Also, when the function returns the parameters are still on the stack which might not be expected but the calling function. What you should do it reset the stack to the state before the call, when there were now parameters on the stack. You can do this by adding 4,8,12 (what ever the size and number of parameters are).

Inspecting the stack

When you start a program in lldb you can take a look at the stack pointer memory location using:

$ lldb ./out/cli 10 20
(lldb) breakpoint set  --file cli.s --line 9
(lldb) run
(lldb) register read rsp
 rsp = 0x00007fff5fbfeb98

(lldb) memory read --size 4 --format x 0x00007fff5fbfeb98

0x7fff5fbfeb98: 0x850125ad 0x00007fff 0x850125ad 0x00007fff 0x7fff5fbfeba8: 0x00000000 0x00000000 0x00000002 0x00000000

What I'm trying to figure out is where argc might be. We can see that 0x7fff5fbfeba8 has 2 which matches our two parameters (the program name and the argument). What I was missing was that when using a C runtime argc is passed in rdi and not on the stack. I was looking for the value on the stack which.
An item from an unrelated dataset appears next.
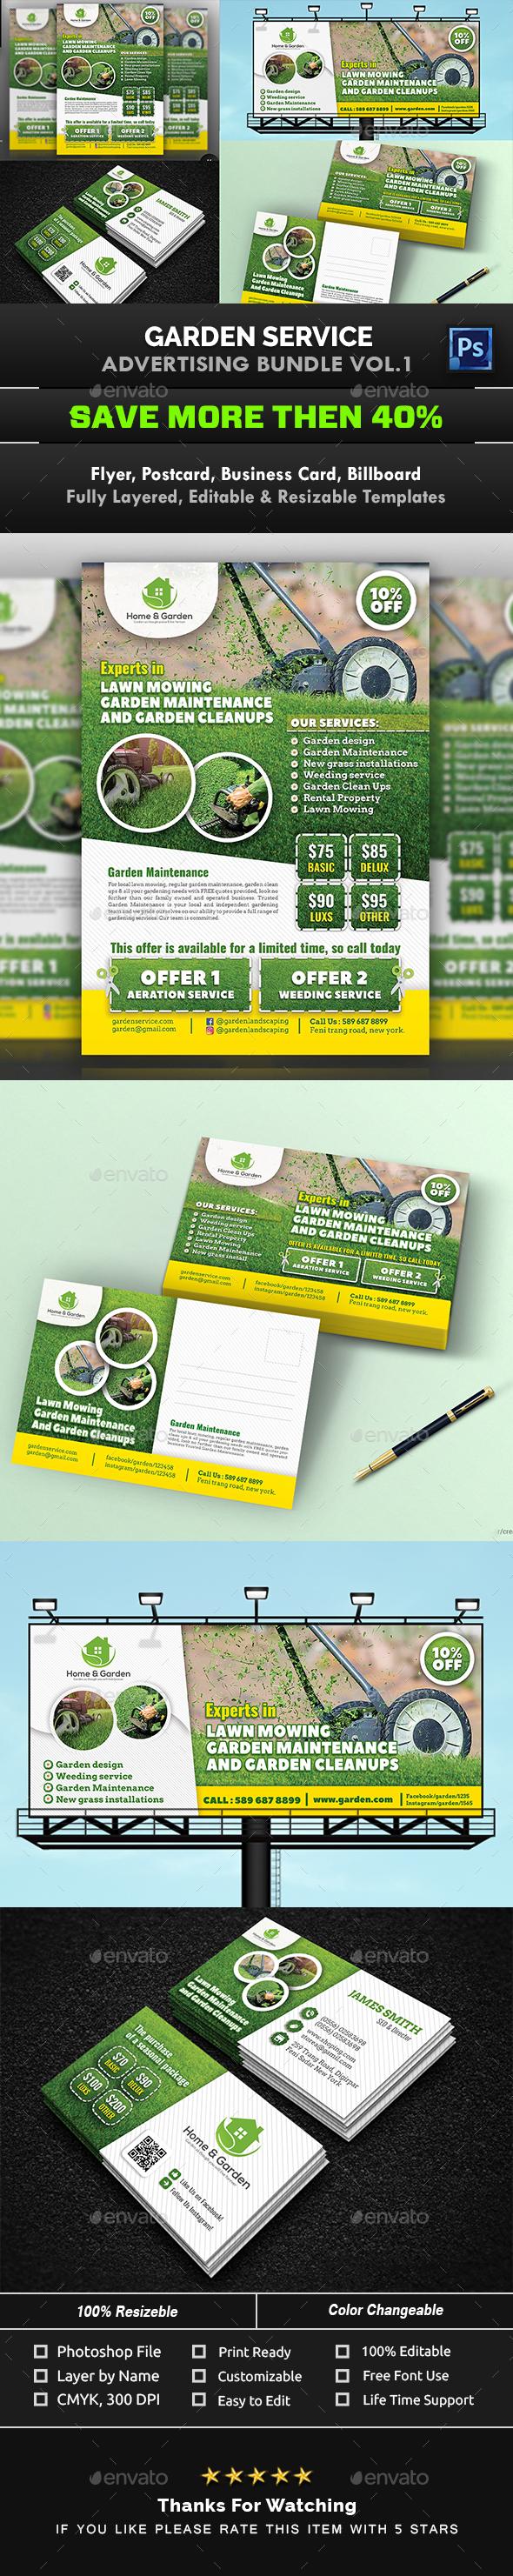 Garden Landscape Advertising Bundle Vol.1 - Signage Print Templates
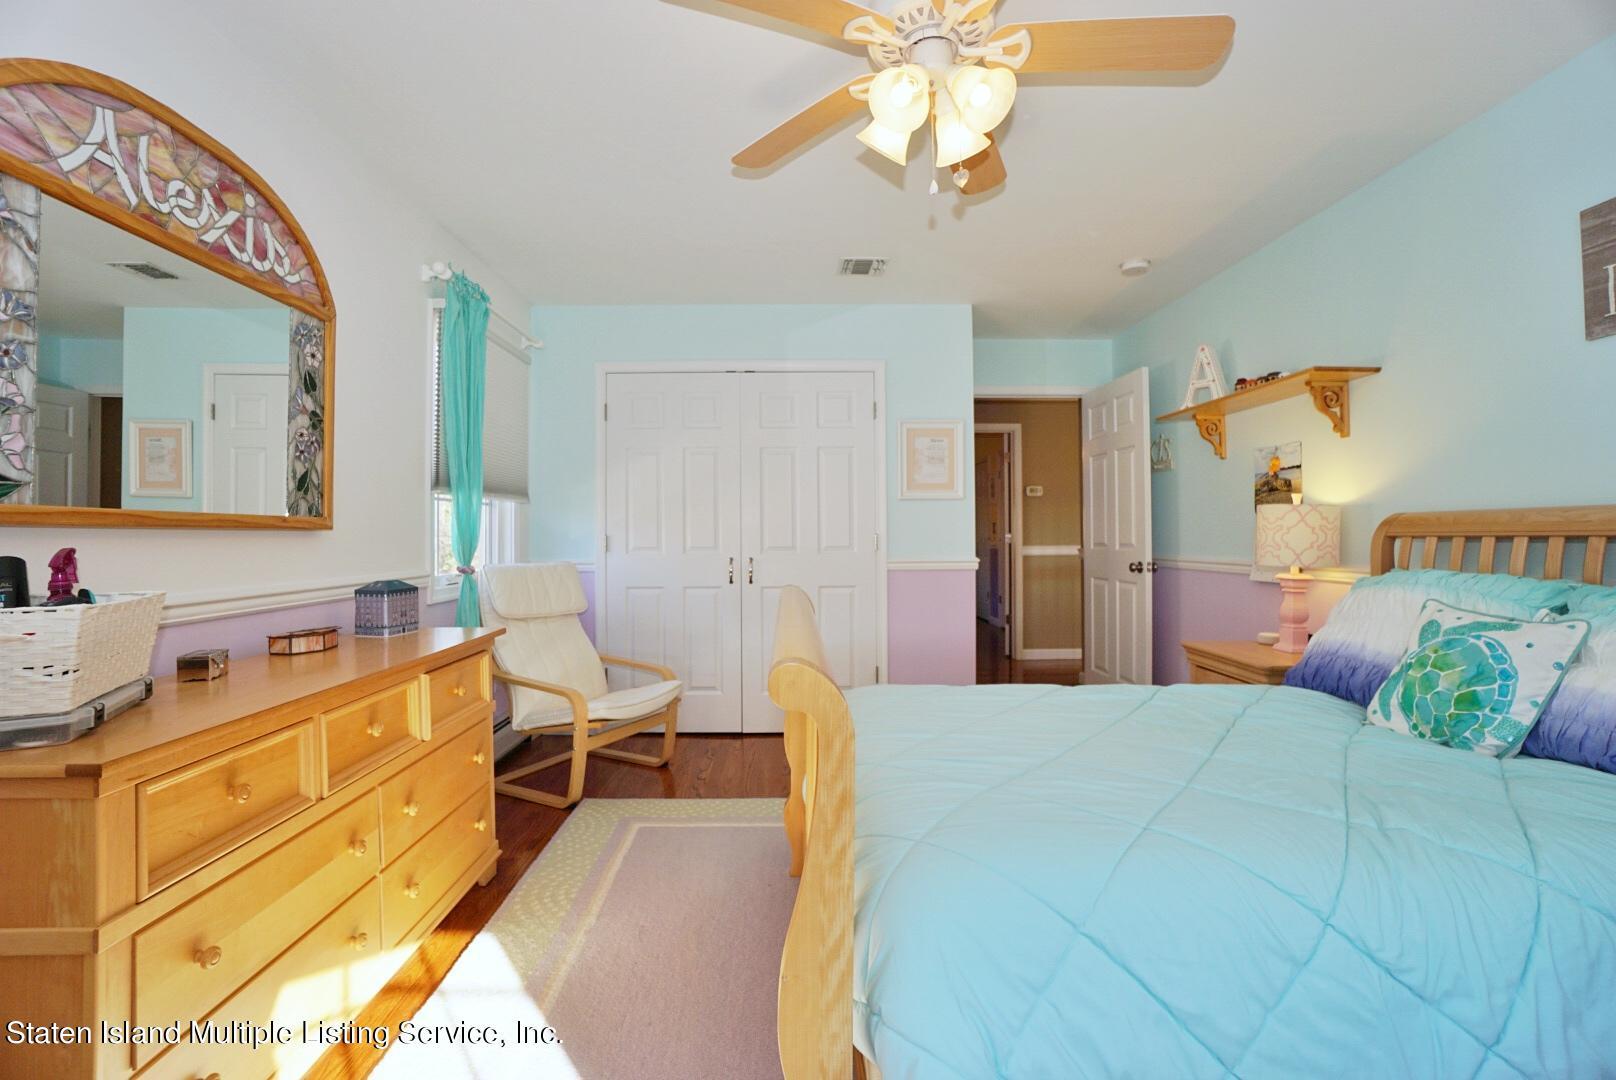 Single Family - Detached 31 Belwood Loop  Staten Island, NY 10307, MLS-1143133-45

Compare while(flat) to while(flag == true)

(while flag == true) :

while`main:
0x100000f70 < 0>:  pushq  %rbp
0x100000f71 < 1>:  movq   %rsp, %rbp
0x100000f74 < 4>:  movl   $0x0, -0x4(%rbp) ## padding?
0x100000f7b < 11>: movb   $0x1, -0x5(%rbp) ## flag = true
0x100000f7f < 15>: movl   $0x5, -0xc(%rbp)
0x100000f86 < 22>: cmpl   $0x5, -0xc(%rbp)
0x100000f8a < 26>: jne    0x100000f94               ; < 36> at while.cc:10
0x100000f90 < 32>: movb   $0x0, -0x5(%rbp)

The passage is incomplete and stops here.